Born in Afshana, near Bukhara, in present-day Uzbekistan, then part of the Samanid Persian empire. His father was a government administrator with the resources and ambition to give his son an exceptional education.
By sixteen he was seeing patients. By eighteen he had read Aristotle's Metaphysics forty times. He would later say understanding arrived on the forty-first reading, after finding a commentary by al-Farabi — a flash, not an accumulation.
Called in when the Samanid sultan fell ill and court physicians failed, he succeeded. As reward he was granted access to the royal library — stocked with Greek, Persian, and Arabic manuscripts he later said he never encountered again anywhere.
When the Samanids collapsed, Avicenna entered decades of itinerant life across the Iranian world: physician, political advisor, fugitive. He was imprisoned at least once and escaped in disguise. He composed major works on horseback and in hiding.
In Kitab al-Isharat wa al-Tanbihat he posed the thought experiment that would mark him forever in the philosophy of mind. A person created in full cognitive maturity, deprived of all sensation, would still know they existed. The self is not reducible to the body.
Al-Qanun fi al-Tibb reached its final form — five volumes synthesizing Greek, Persian, and Islamic medical knowledge with his own clinical observations. Translated into Latin at Toledo in the twelfth century, it became the standard European medical curriculum for over six hundred years.

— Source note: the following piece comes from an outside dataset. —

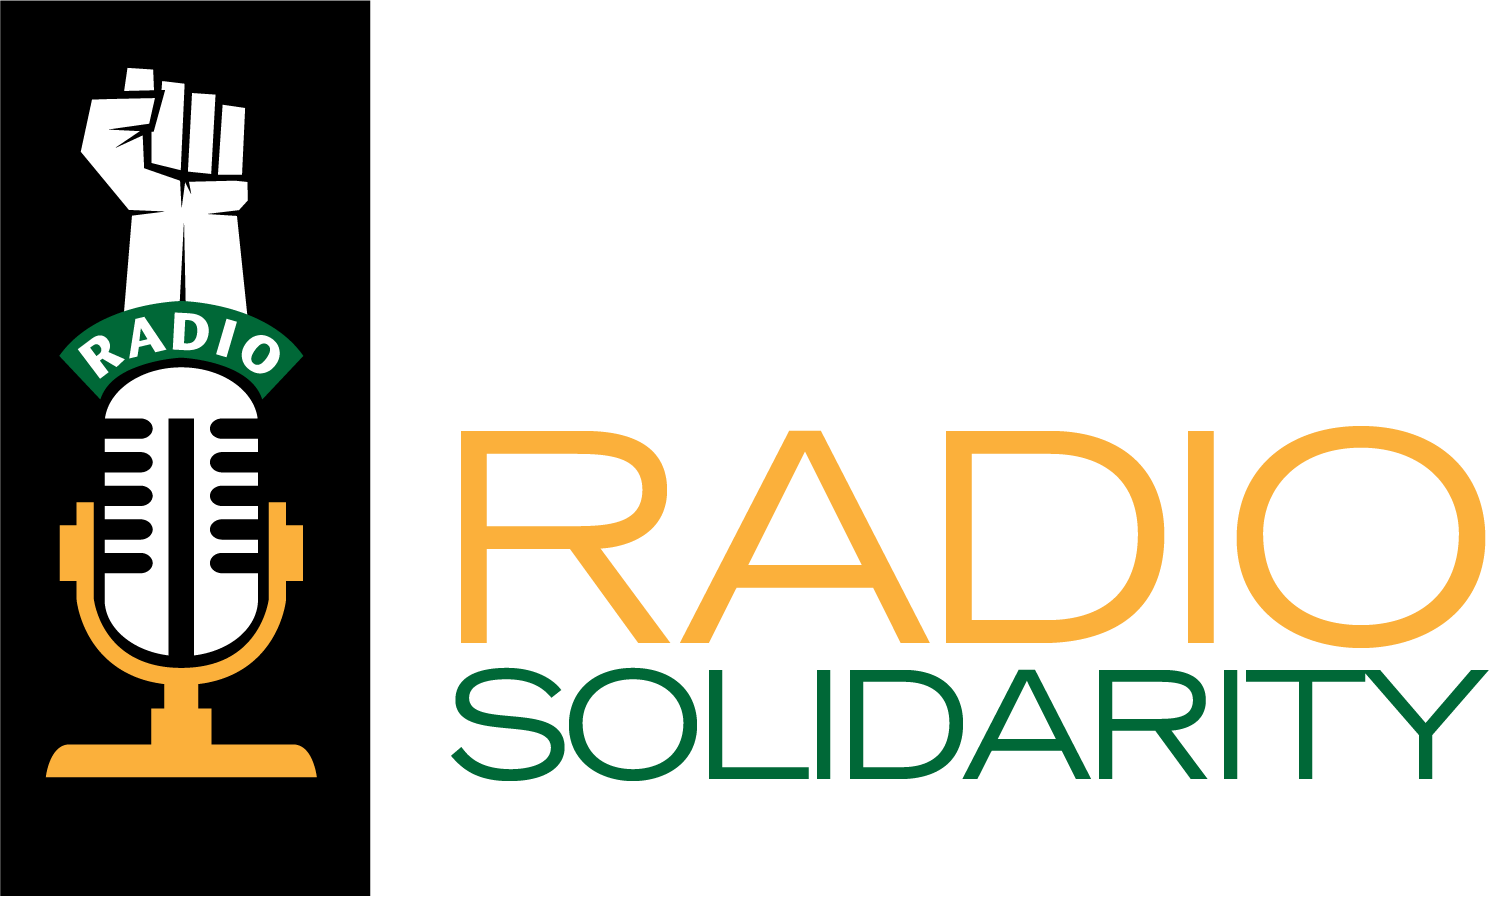 BlackRadioSolidarity.com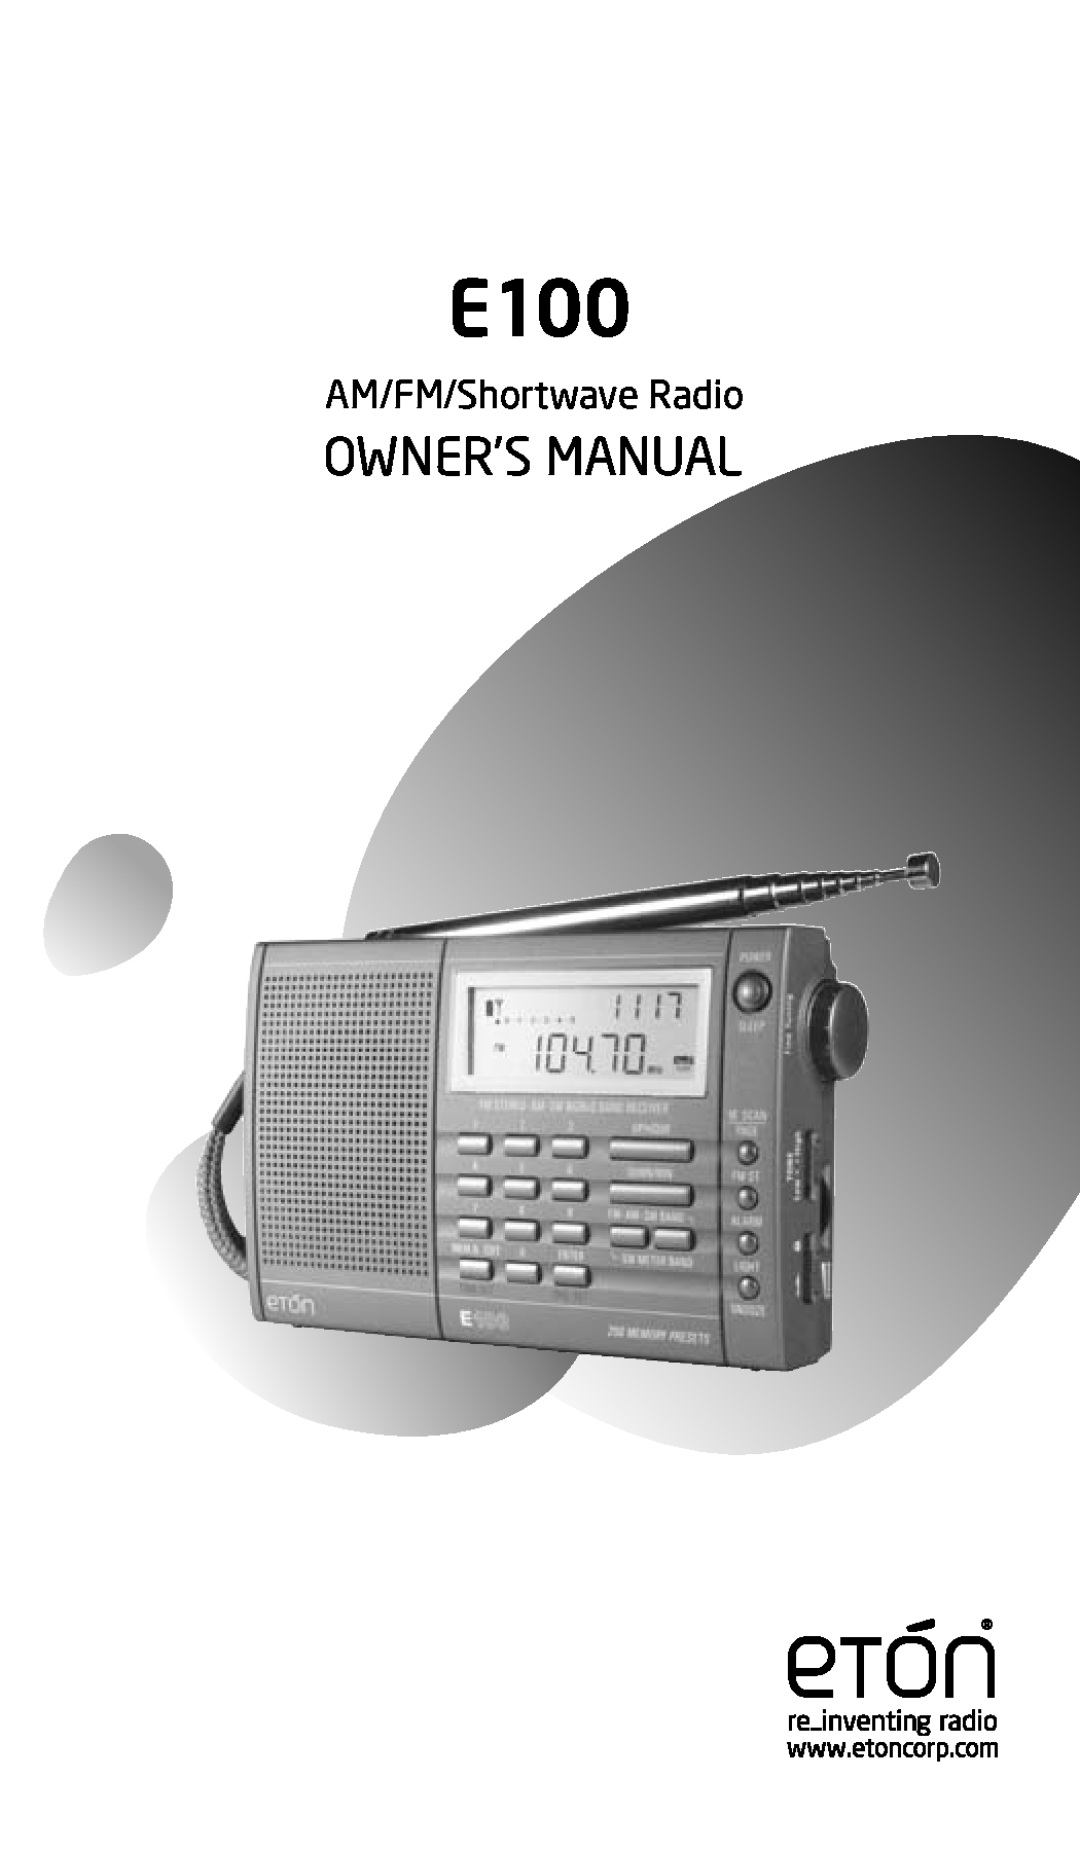 Eton E100 operation manual Op Er Ation M Anual, w ww .e toncor p .co m, Am/ F M/ Sho Rtwa Ve Radio

He died in Hamadan while accompanying a military expedition, around age sixty-five. He reportedly told attendants he had used up his body in the service of his mind. His student al-Juzjani completed the autobiography Ibn Sina had dictated — one of the earliest full intellectual autobiographies in world literature.
Our Editorial Position
Avicenna belongs here because the questions this platform takes seriously are the ones he refused to separate. Mind and body. Reason and revelation. The self that persists through darkness and silence. He treated these not as competing commitments but as aspects of a single problem — one that a complete human being is obligated to pursue.
His methods were rational. His conclusions touched the mystical. He wrote philosophical poetry in Persian that has been read for a thousand years. He argued for God's existence without abandoning logic. He dissected the soul with the same precision he brought to the pulse. That combination — rigorous and open, analytical and alive to mystery — is exactly what this platform exists to model.
The civilizational fact matters too. Avicenna worked in a pluralist intellectual world, where Muslim, Jewish, Christian, and Zoroastrian scholars circulated ideas across vast distances and a single mind could hold all of it. That world produced him. Remembering it accurately is itself an esoteric act — a recovery of what was real against what we've been told to assume.
The Questions That Remain
Can a self exist without a body? Avicenna said yes. Neuroscience says the question is malformed. Neither answer fully satisfies — and the discomfort of that gap is where philosophy actually lives.
If God's existence can be established by logic alone, why has no logical argument ever settled the question? Avicenna built the most rigorous version of the cosmological argument in history. A thousand years of philosophers have found it necessary and insufficient in roughly equal measure.
What does it mean that a man fleeing for his life, imprisoned, politically compromised, and perpetually on the move, still produced a body of work that structured human medical knowledge for six centuries? Is that a fact about genius? About urgency? Or about what becomes possible when a mind decides the entirety of human knowledge is its proper domain?